By reading a 512-byte block at a time from the FILE * , I got the following performance improvements for an in operation:

In Linux - freebcp -c improved by a factor of 2
In VMS - freebcp -c improved by a factor of 4
In VMS - freebcp -n improved by a factor of 10 (down from 46 seconds to 5 seconds)

The fread, fgetc functions have more overhead in VMS than in other operating systems because of how the filesystem works, it's far more efficient working in block multiples of 512.

In all cases, the database server is close to the client, so the database latency is not a factor, it can write the database faster than it can process the hostfile.

Similar improvements are also achieved for the out operation by buffering the writes; that will be a subsequent PR if this one goes well. Some users have data sets of over 1GB so any performance improvement on freebcp is quite significant. Have not tested host files over 2GB in size.

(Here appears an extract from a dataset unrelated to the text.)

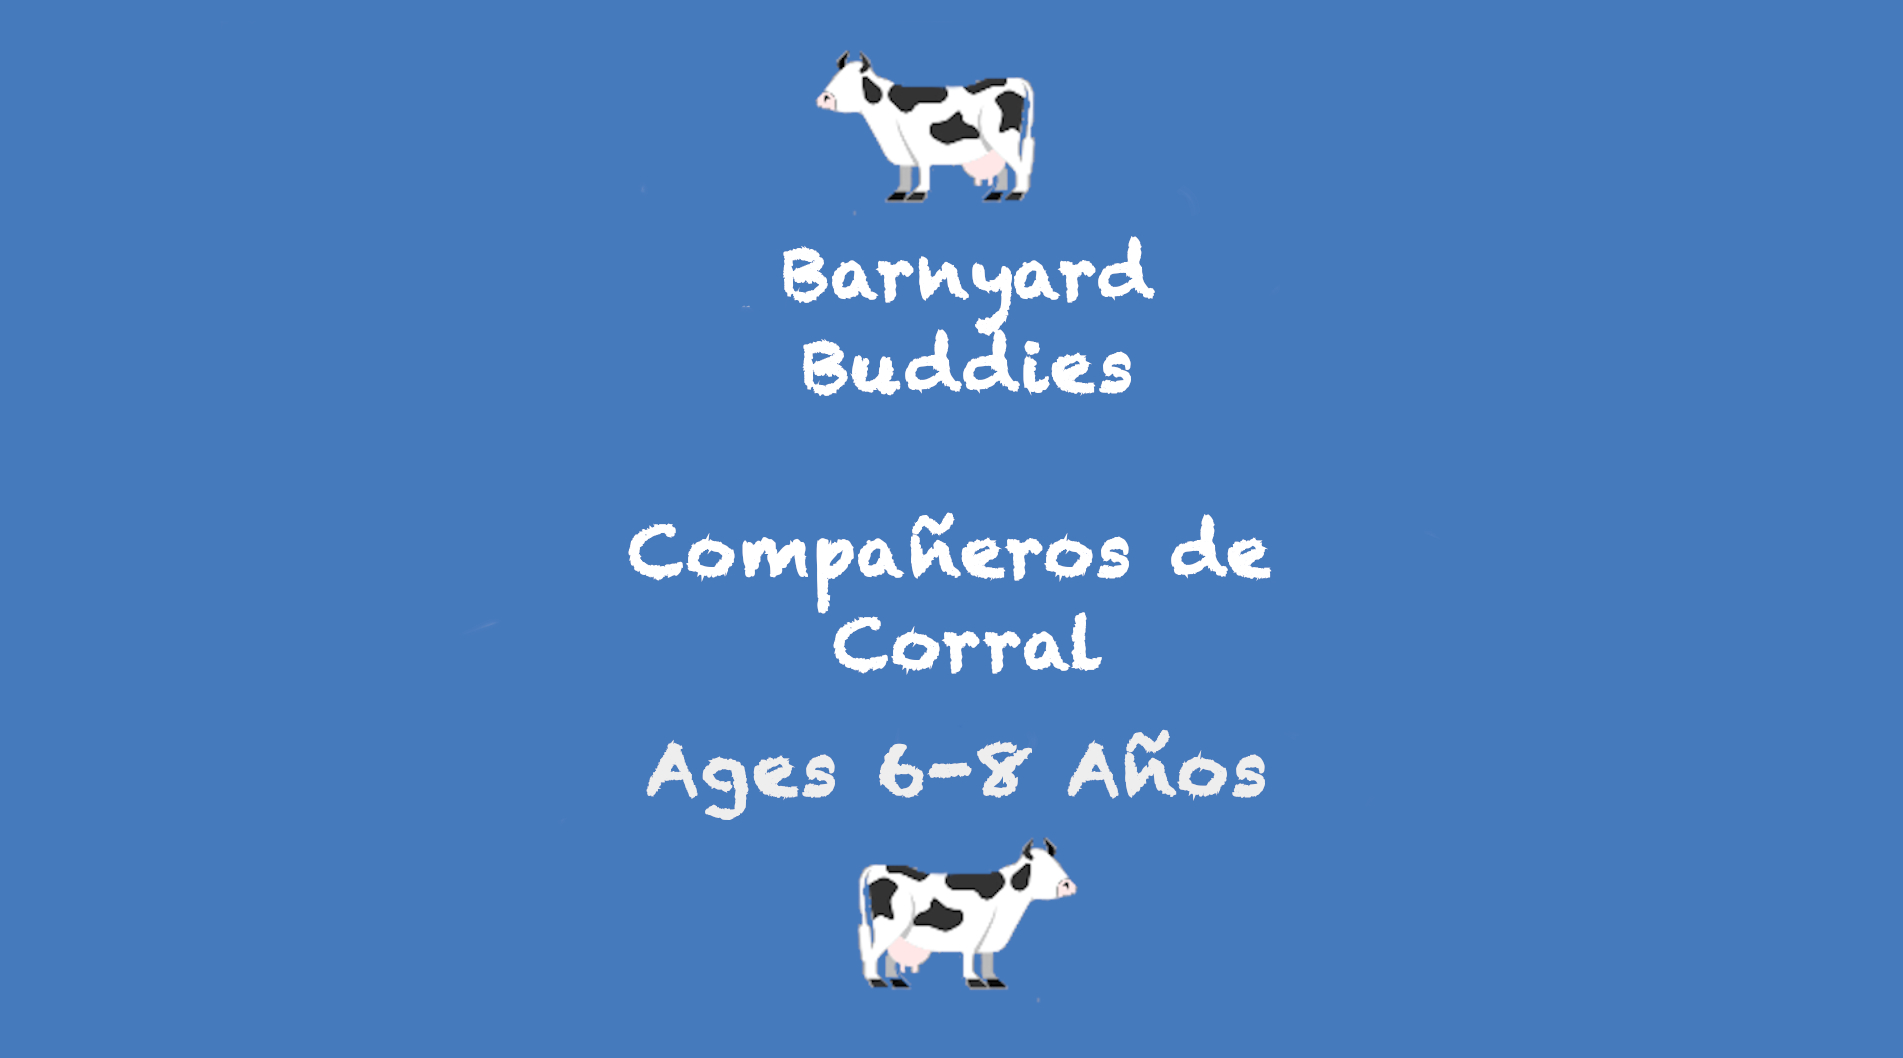 Barnyard Buddies for 6-8 year olds

An increase of the block size to 32K was either the same or very fractionally better on performance, but not significantly so.

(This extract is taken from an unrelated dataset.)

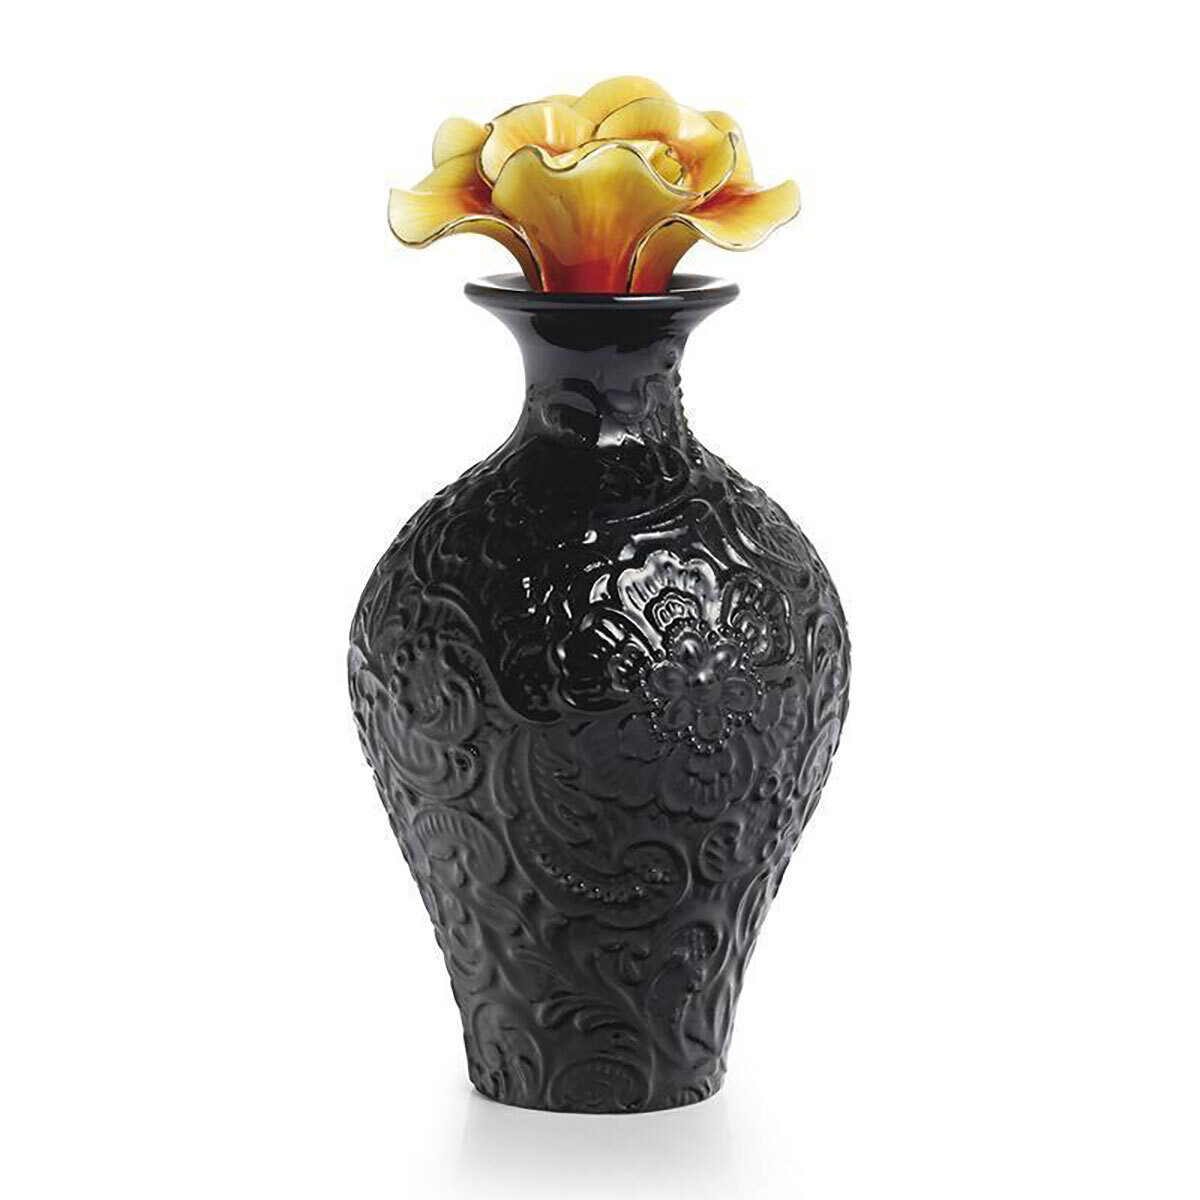 Franz Porcelain Fragrant Flowerblack With Yellow Flower Perfume Bottle FZ02153

Profiling in VMS showed a lot of time spent in ftello (as well as fread): the code calls ftello prior to every column read, in case the read has a conversion error and the dump file needs to dump the offset where an error occurred (even if the dump file is not enabled...) I had to rework this anyway as a side effect of adding the buffering.

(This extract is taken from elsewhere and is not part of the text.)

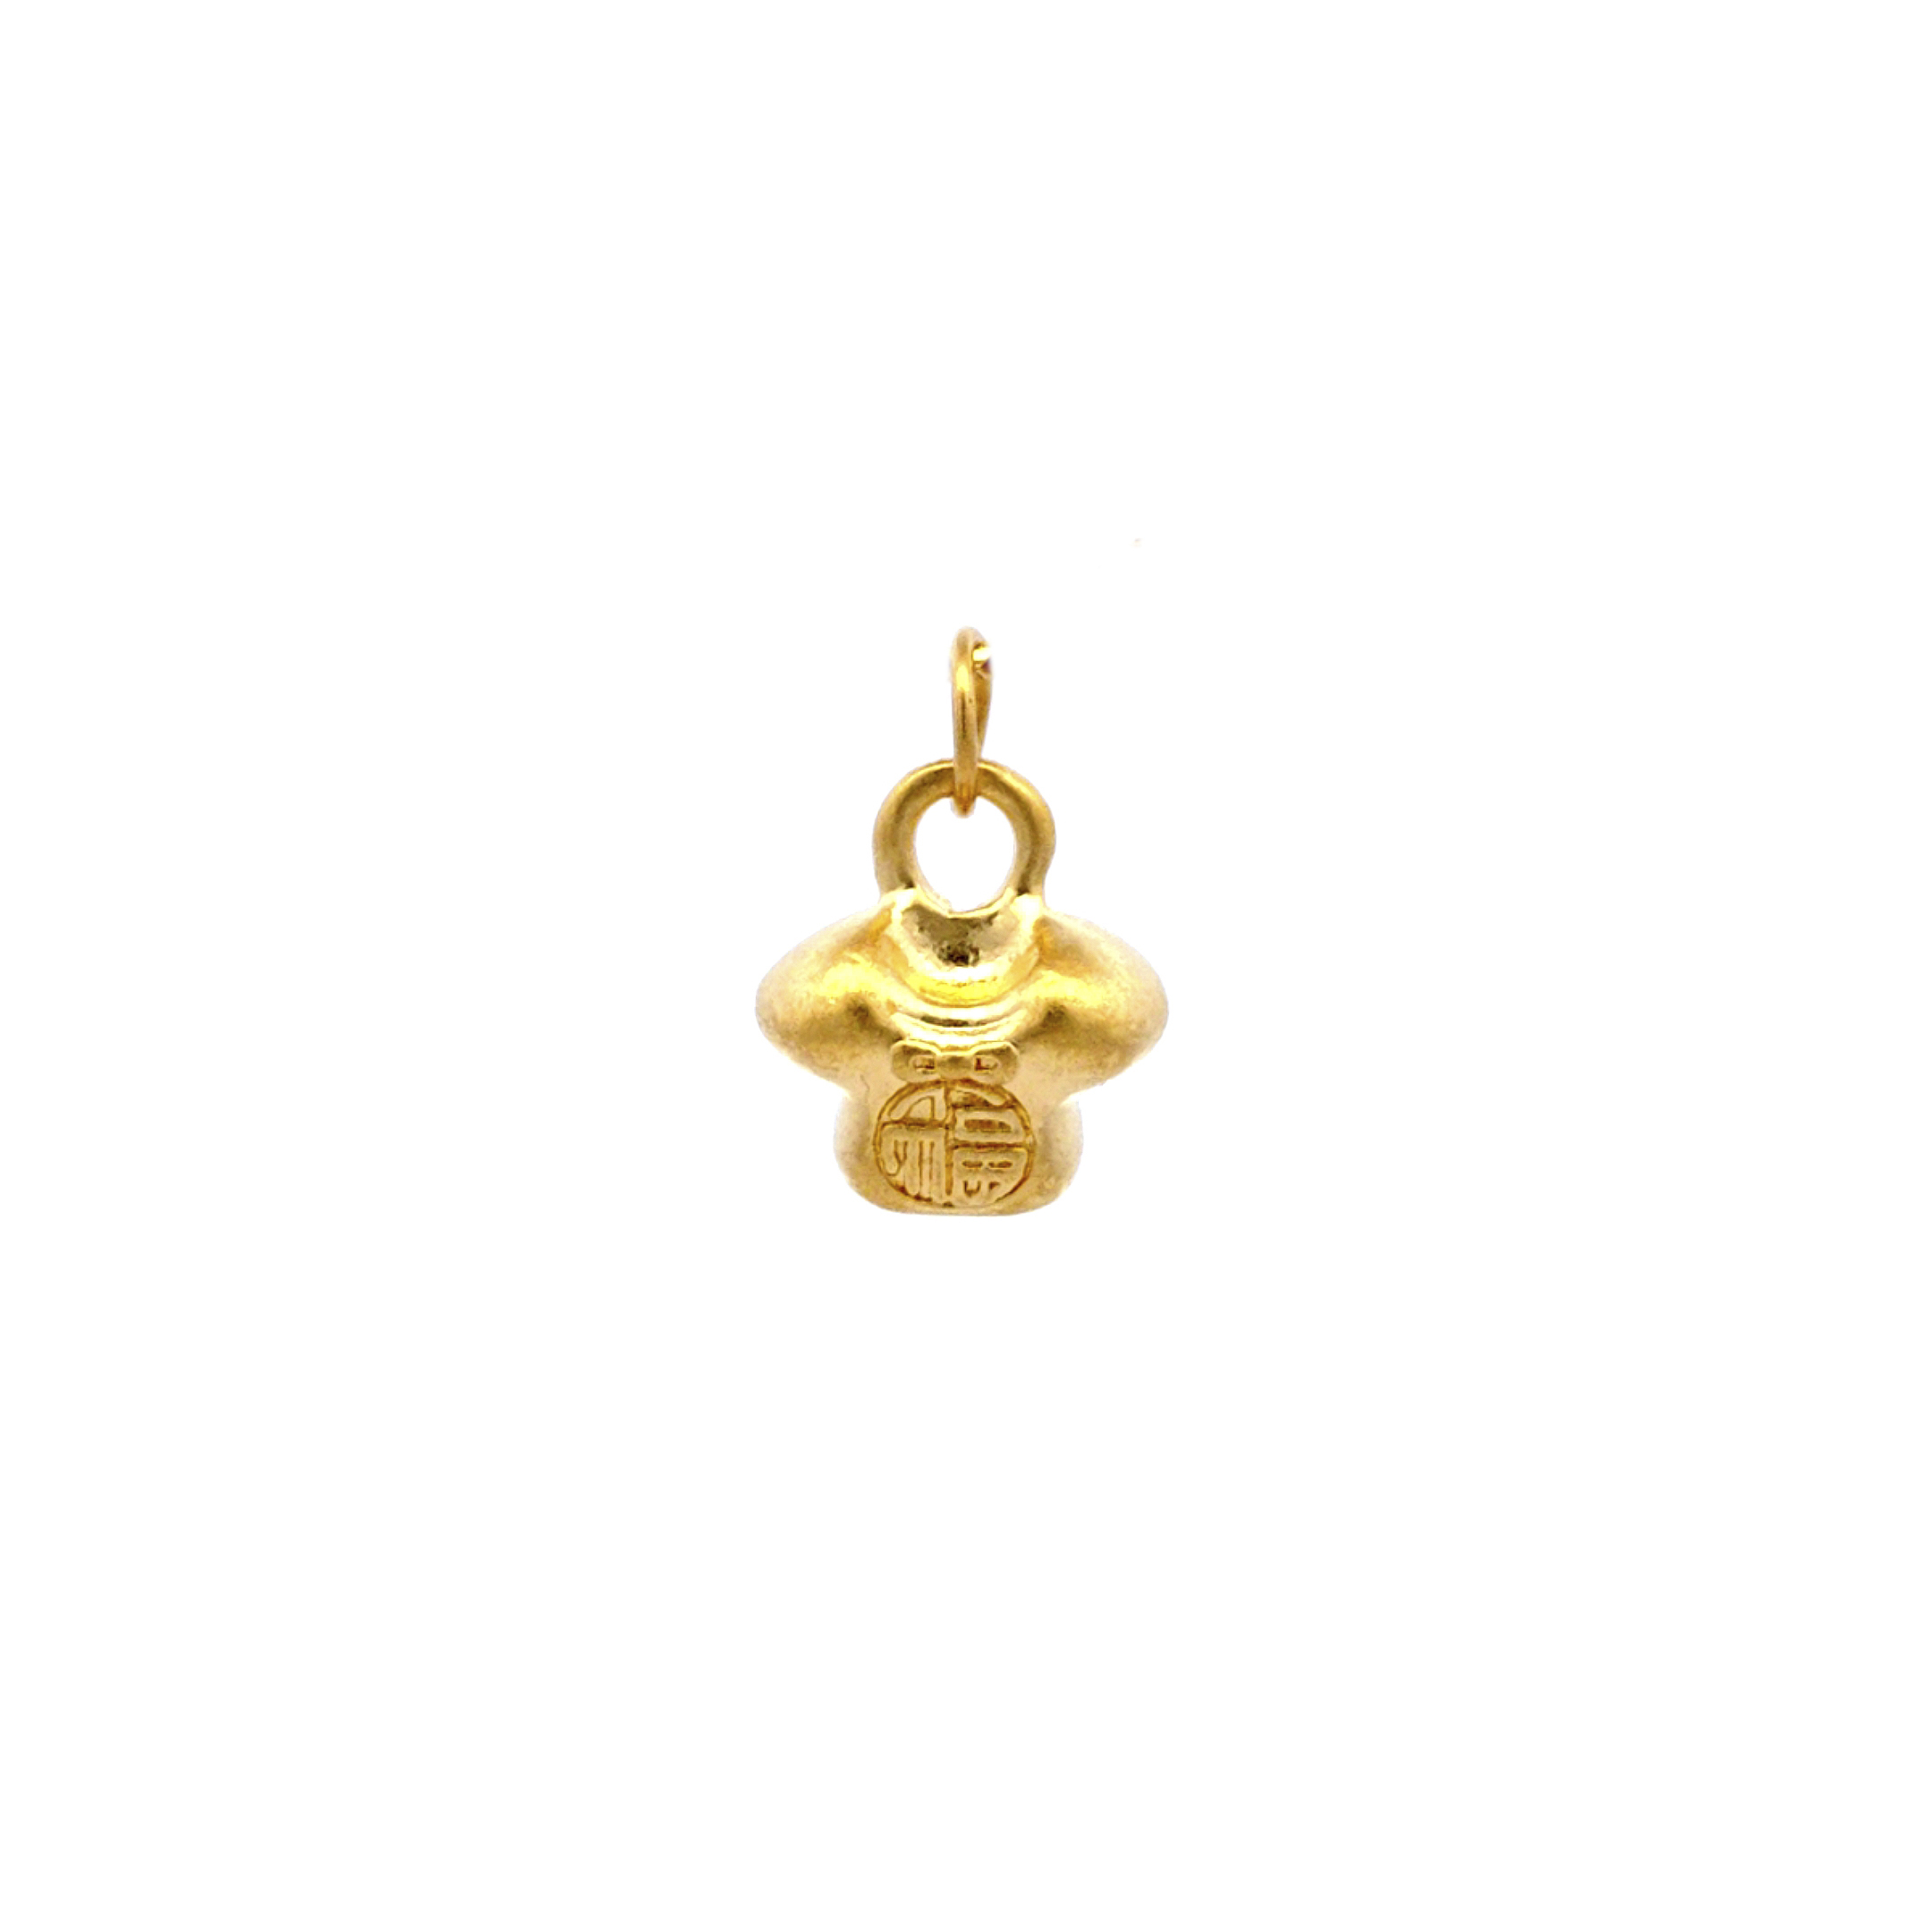 TIANSI 999 (24K) Gold Fortune Golden Clothes Pendant

freddy77 · 2026-02-13T19:39:07Z

Not looking much at the moment. Did you try using setvbuf with full buffering?

mmcnabb-vms · 2026-02-15T21:44:04Z

Not looking much at the moment. Did you try using setvbuf with full buffering?

with setvbuf(hostfile, NULL, _IOFBF, 512) or size 32768 - No measurable difference in Linux; my test case (as described above) takes around 10-11 seconds on master with or without setvbuf, and about 5-6 seconds with this PR. No difference in VMS either, the short of it is that setvbuf has no effect in VMS anyway. Timing results from Linux:

master:

real    0m11.571s
user    0m6.687s
sys     0m2.637s

this PR:

real    0m6.131s
user    0m3.342s
sys     0m0.112s

freddy77 · 2026-02-15T22:23:56Z

Not looking much at the moment. Did you try using setvbuf with full buffering?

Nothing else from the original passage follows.